**Task requirements**
Only the lines in the entries below from the line with "200806015_freshcollective01.jpg" to the line with "396d210e92 Kit Fantasia", both included, belong in the answer, transcribed exactly and without pictures.

**The data**
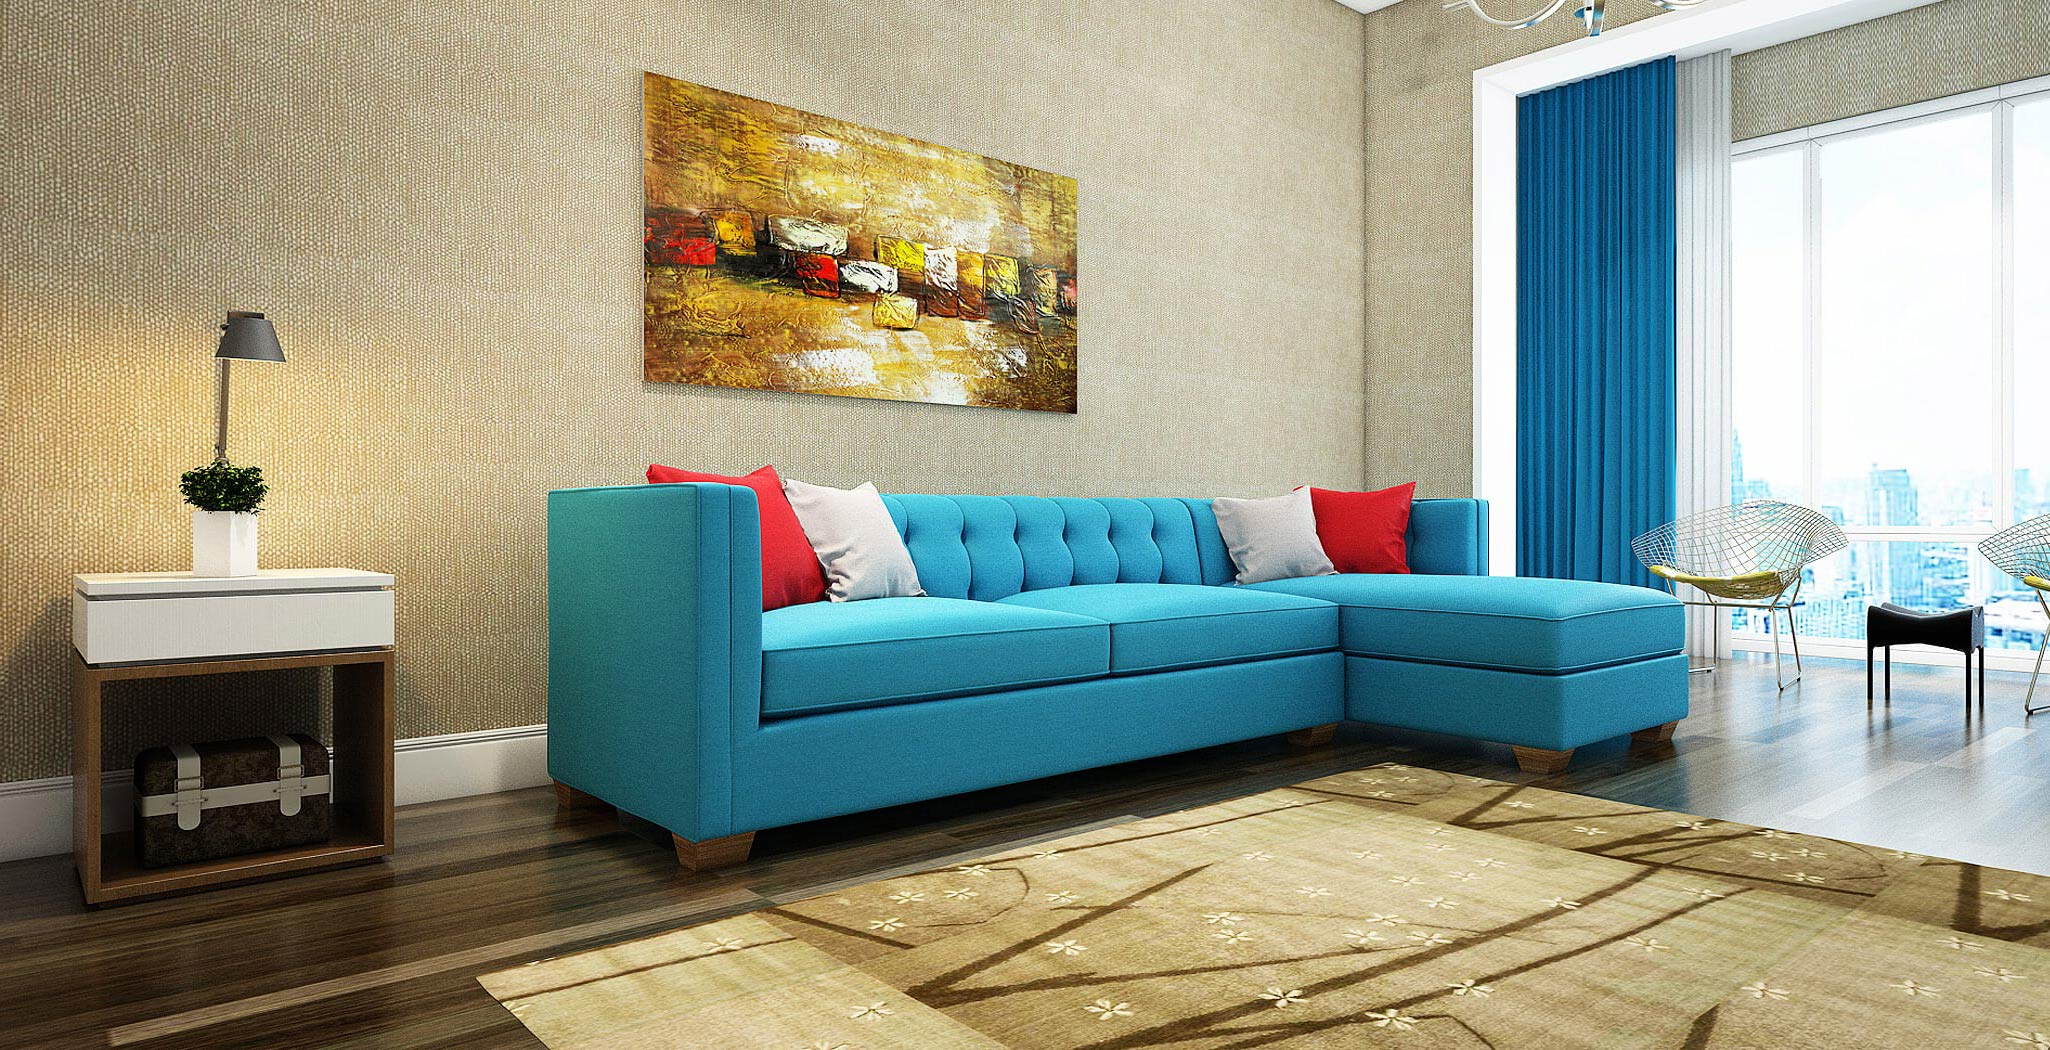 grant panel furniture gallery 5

--

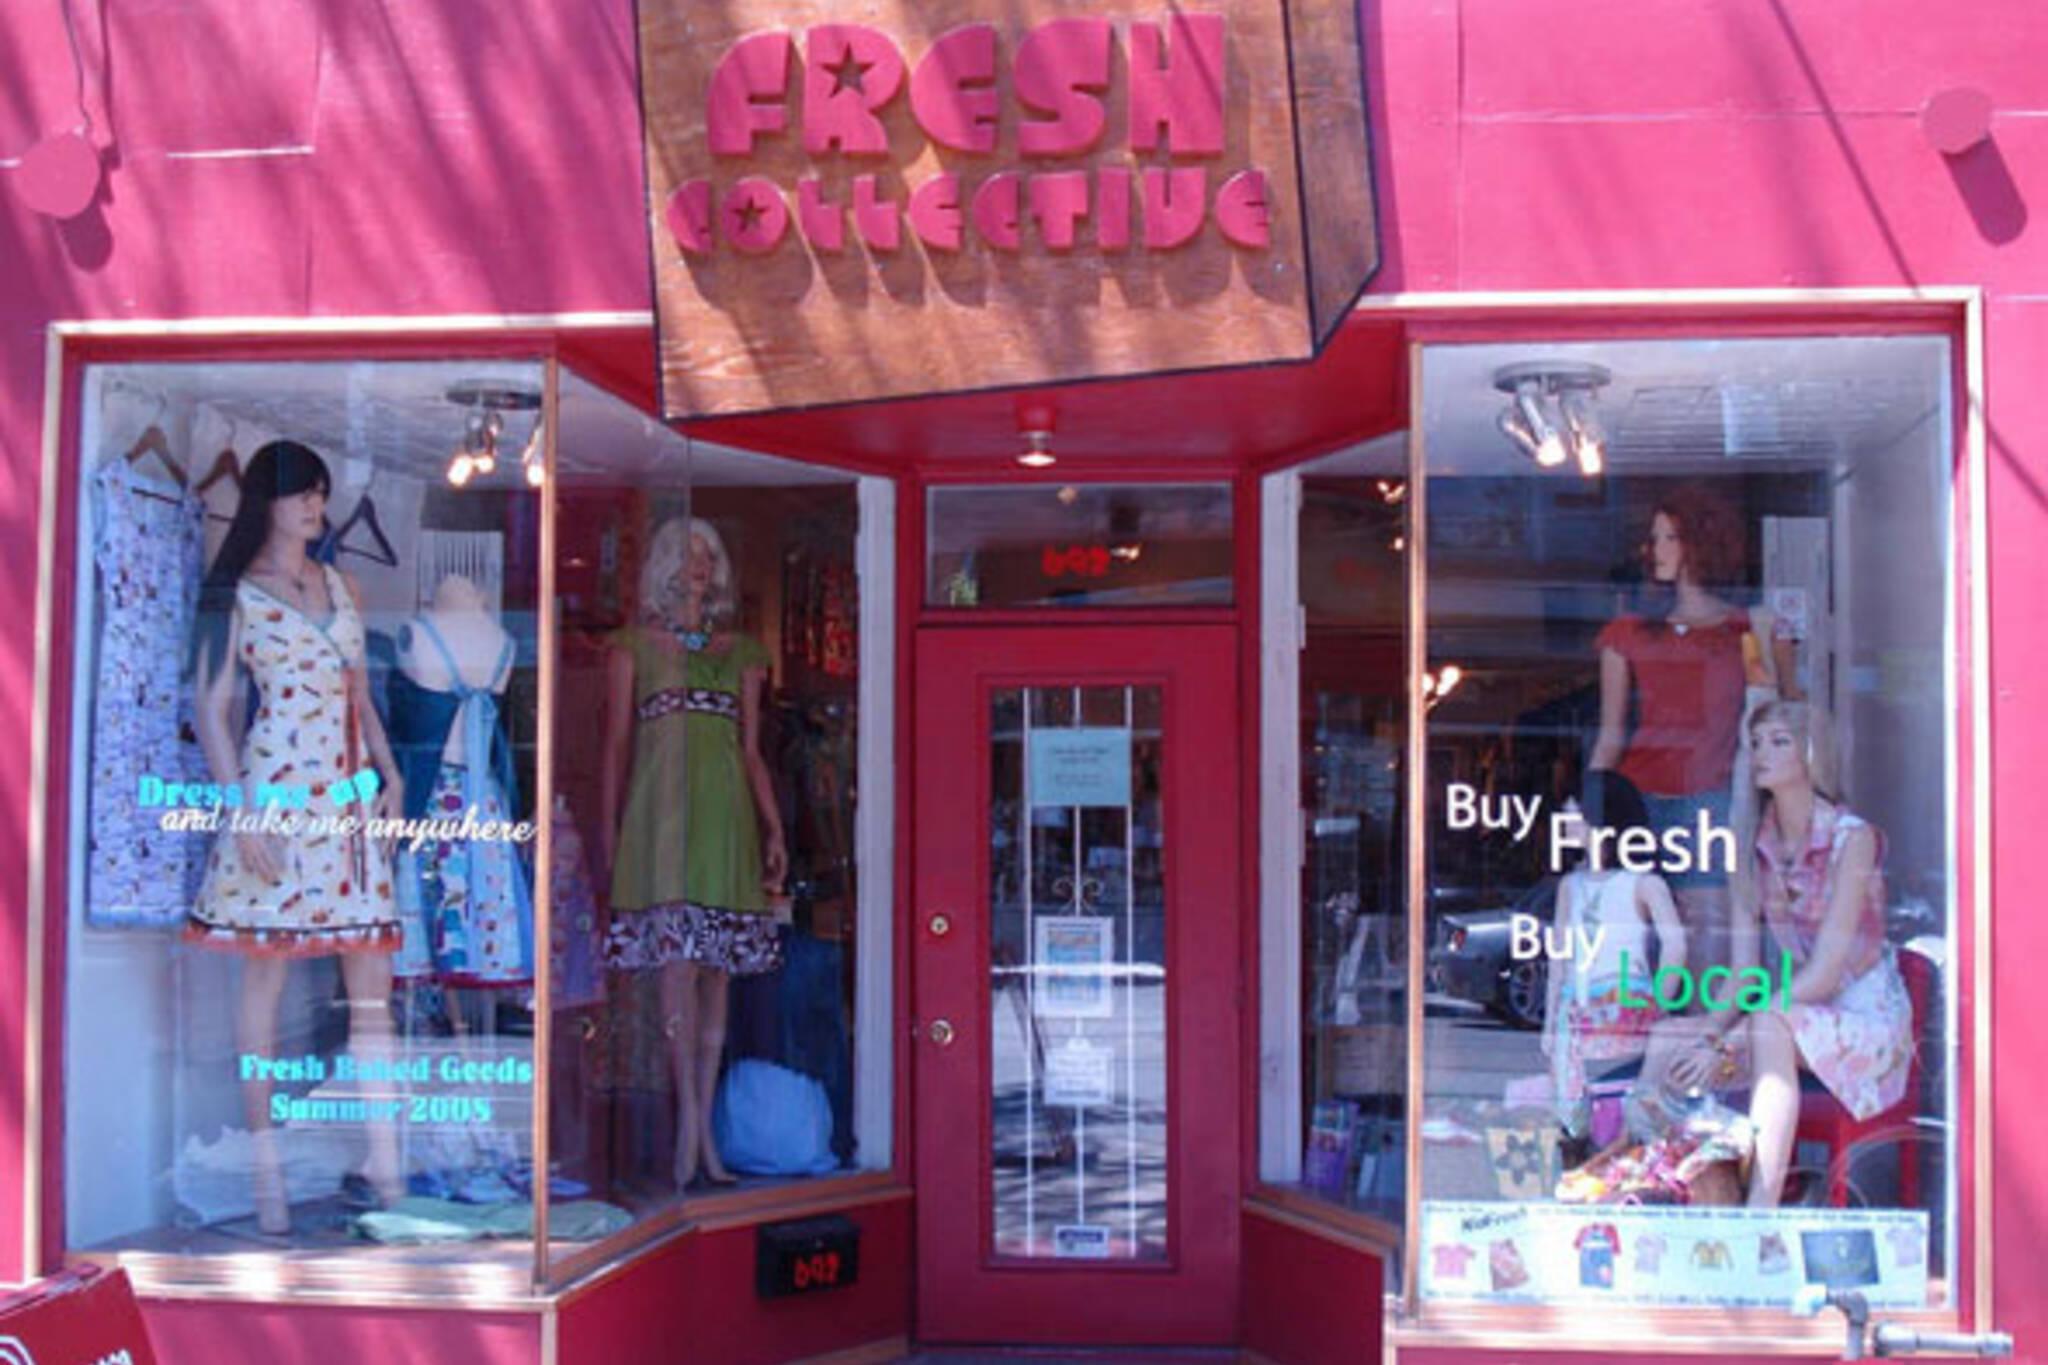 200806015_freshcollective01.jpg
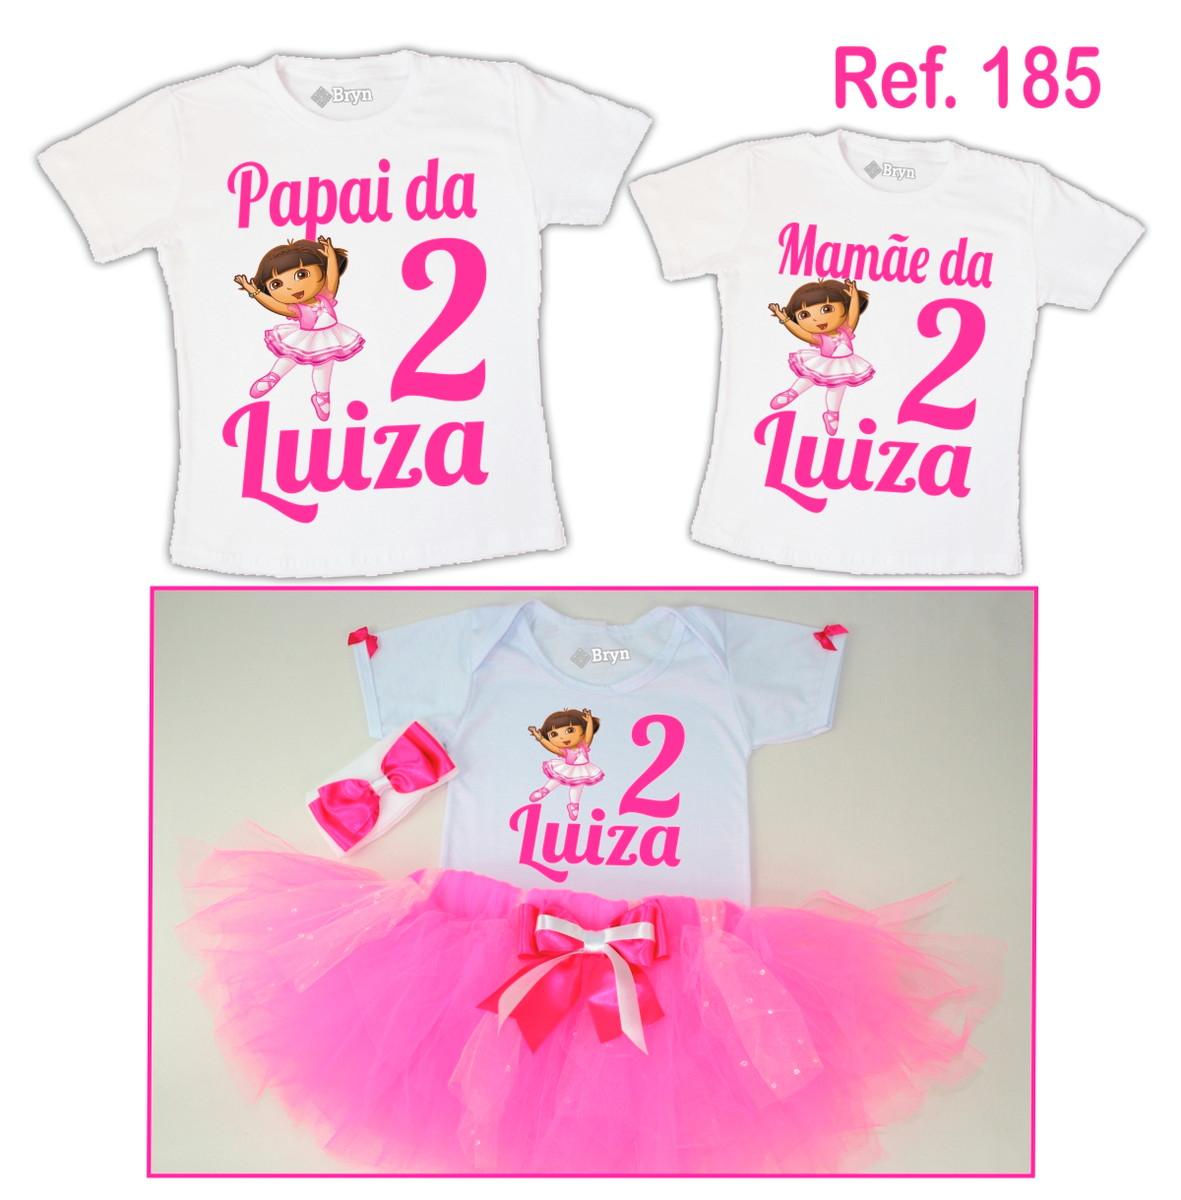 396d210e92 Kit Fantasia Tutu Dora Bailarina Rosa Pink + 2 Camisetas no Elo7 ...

**Output for this exercise**
 200806015_freshcollective01.jpg
 396d210e92 Kit Fantasia Tutu Dora Bailarina Rosa Pink + 2 Camisetas no Elo7 ...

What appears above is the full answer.